A new paper, published this week in Current Medical Research and Opinion, seeks to clarify the US definition of interchangeability and differentiate it from the separate concepts of automatic substitution and physician-mediated switching.
When the Biologics Price Competition and Innovation Act (BPCIA) was passed into law as part of the Affordable Care Act, Congress put forth a statutory definition of interchangeability of biologic products. The fact that interchangeability is not a legal concept but a medical one in other parts of the world has sown a great deal of confusion over the nature of interchangeability in the United States. In fact, some US stakeholders, including payers, view interchangeability as a critical factor in whether they will adopt biosimilars, a fact that could be hampering uptake.
A new paper, published this week in Current Medical Research and Opinion, seeks to clarify the US definition of interchangeability and differentiate it from the separate concepts of automatic substitution and physician-mediated switching.
According to the BPCIA, an interchangeable product may be substituted for the reference without the intervention of the prescriber. In order to be declared interchangeable, a product must be approved as a biosimilar to its reference, and it must also be expected to produce the same clinical result as the reference in any given patient. Furthermore, the risk—in terms of safety or diminished efficacy—of alternating or switching between the biosimilar and its reference must not be greater than the risk of using the reference product without any alternation or switching in a product that is administered more than once to a given patient.

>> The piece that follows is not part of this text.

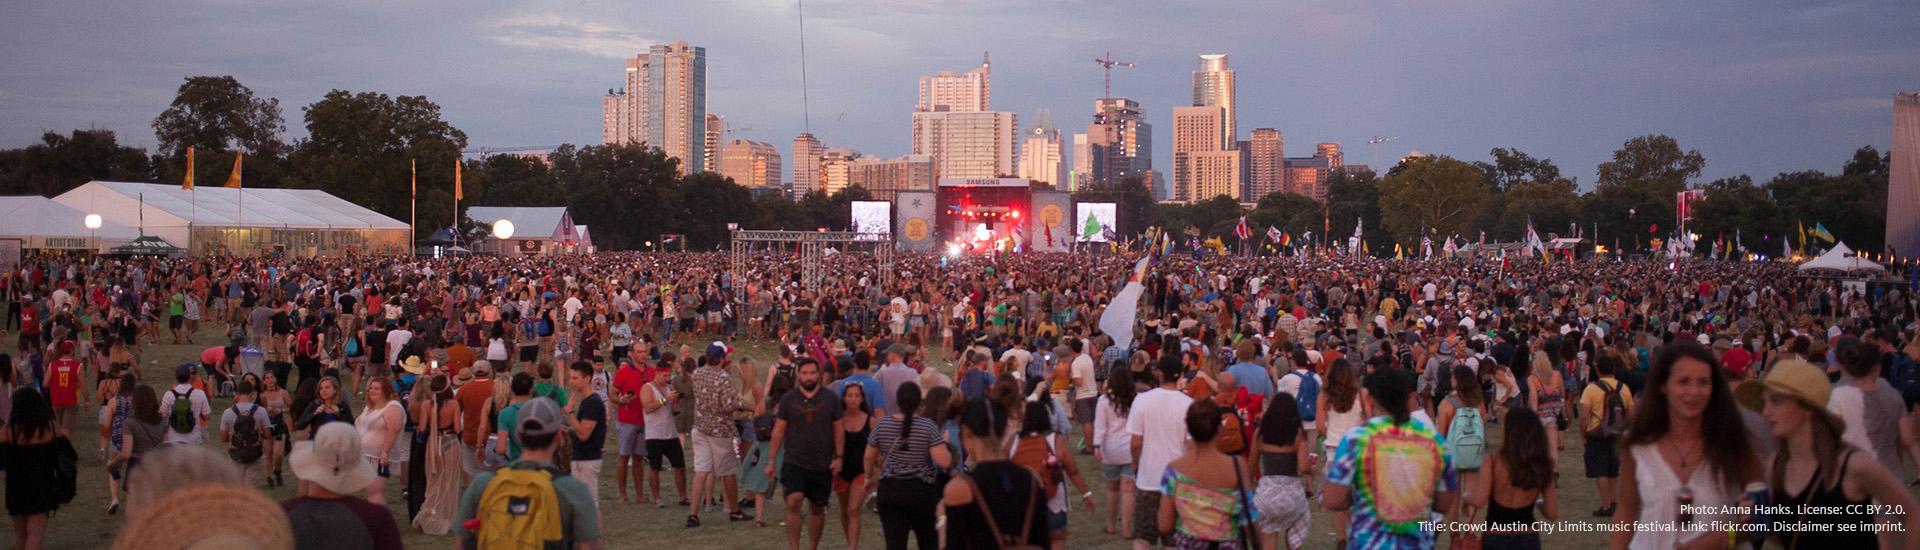 Photo: Anna Hanks. License: CC BY 2.0. Title: Crowd Austin City Limits music festival. Link: flickr.com. Disclaimer see imprint.

According to current draft guidance, the FDA expects that data from a clinical switching study that involves 2 or more alternating switches will be provided to the agency. The study’s primary end point should assess the impact of switching between the biosimilar and the reference, and the FDA considers pharmacokinetic (PK) end points as generally the most sensitive to assess the development of clinically important immunogenicity. Separate assessments of immunogenicity and safety are also expected to be provided.
The paper’s authors emphasize the fact that interchangeability does not relate to product quality or degree of similarity between the biosimilar and its reference. “Rather, this designation signifies that the interchangeable biological product sponsor has provided the FDA with the additional data and information necessary to meet the statutory standard for substitution,” they write.
Substitution, a separate but related concept, is governed by state laws. Where local laws permit the practice, a product that has been granted interchangeable status may be substituted at the pharmacy without consulting the prescriber.
Physician-mediated switching is yet another separate matter; biosimilars that have not been granted interchangeable status must be specifically prescribed, and they cannot be substituted at the pharmacy level. Physician-mediated switching, therefore, describes a prescribing decision made by a physician to change a patient’s treatment to a different product. There is no statutory standard for this decision, which may be undertaken as a part of usual medical practice.
The authors conclude that “physicians’ confidence in prescribing biosimilars to their patients, including and where appropriate to patients already receiving the reference product, should not be impacted by whether the product has been deemed interchangeable by the FDA.” They add that “Whether a product is biosimilar to or interchangeable with a reference product, patients and physicians should be assured that the product has met the FDA’s rigorous approval standards for quality, safety and efficacy.”
Reference
McKinley L, Kelton JM, Popovian R. Sowing confusion in the field: the interchangeable use of biosimilar terminology [published online January 17, 2019]. Curr Med Res Opin. doi: 10.1080/03007995.2018.1560223.